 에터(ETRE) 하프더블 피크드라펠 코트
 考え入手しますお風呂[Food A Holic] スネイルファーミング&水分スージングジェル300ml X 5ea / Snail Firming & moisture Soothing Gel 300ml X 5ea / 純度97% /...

...

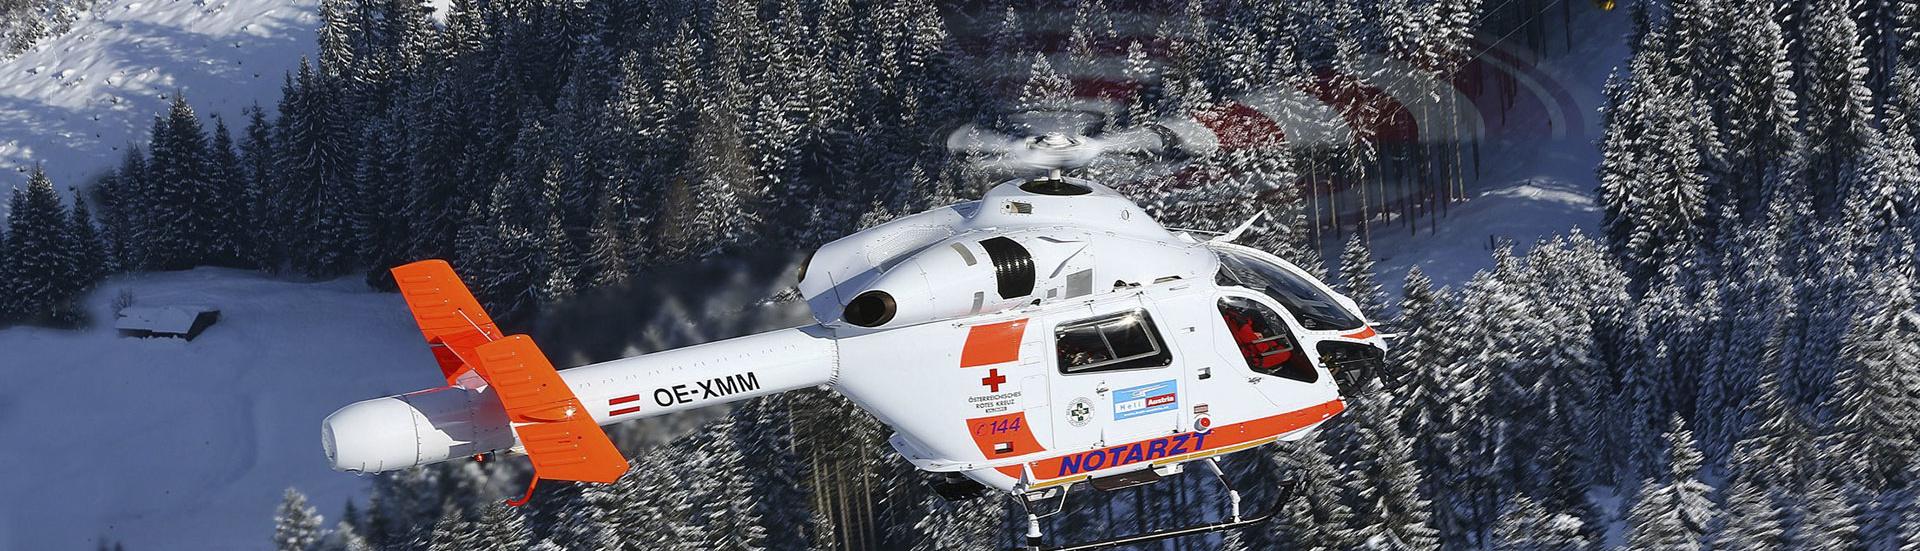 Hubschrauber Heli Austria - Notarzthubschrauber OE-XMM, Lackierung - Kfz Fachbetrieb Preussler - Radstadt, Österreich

* WHAT IS NEEDED
Only one stretch of the entries above is wanted: the lines from the one containing "에터(ETRE) 하프더블 피크드라펠 코트" through the one containing "考え入手しますお風呂[Food A Holic]". Please reproduce it exactly.

* REPLY
 에터(ETRE) 하프더블 피크드라펠 코트
 考え入手しますお風呂[Food A Holic] スネイルファーミング&水分スージングジェル300ml X 5ea / Snail Firming & moisture Soothing Gel 300ml X 5ea / 純度97% /...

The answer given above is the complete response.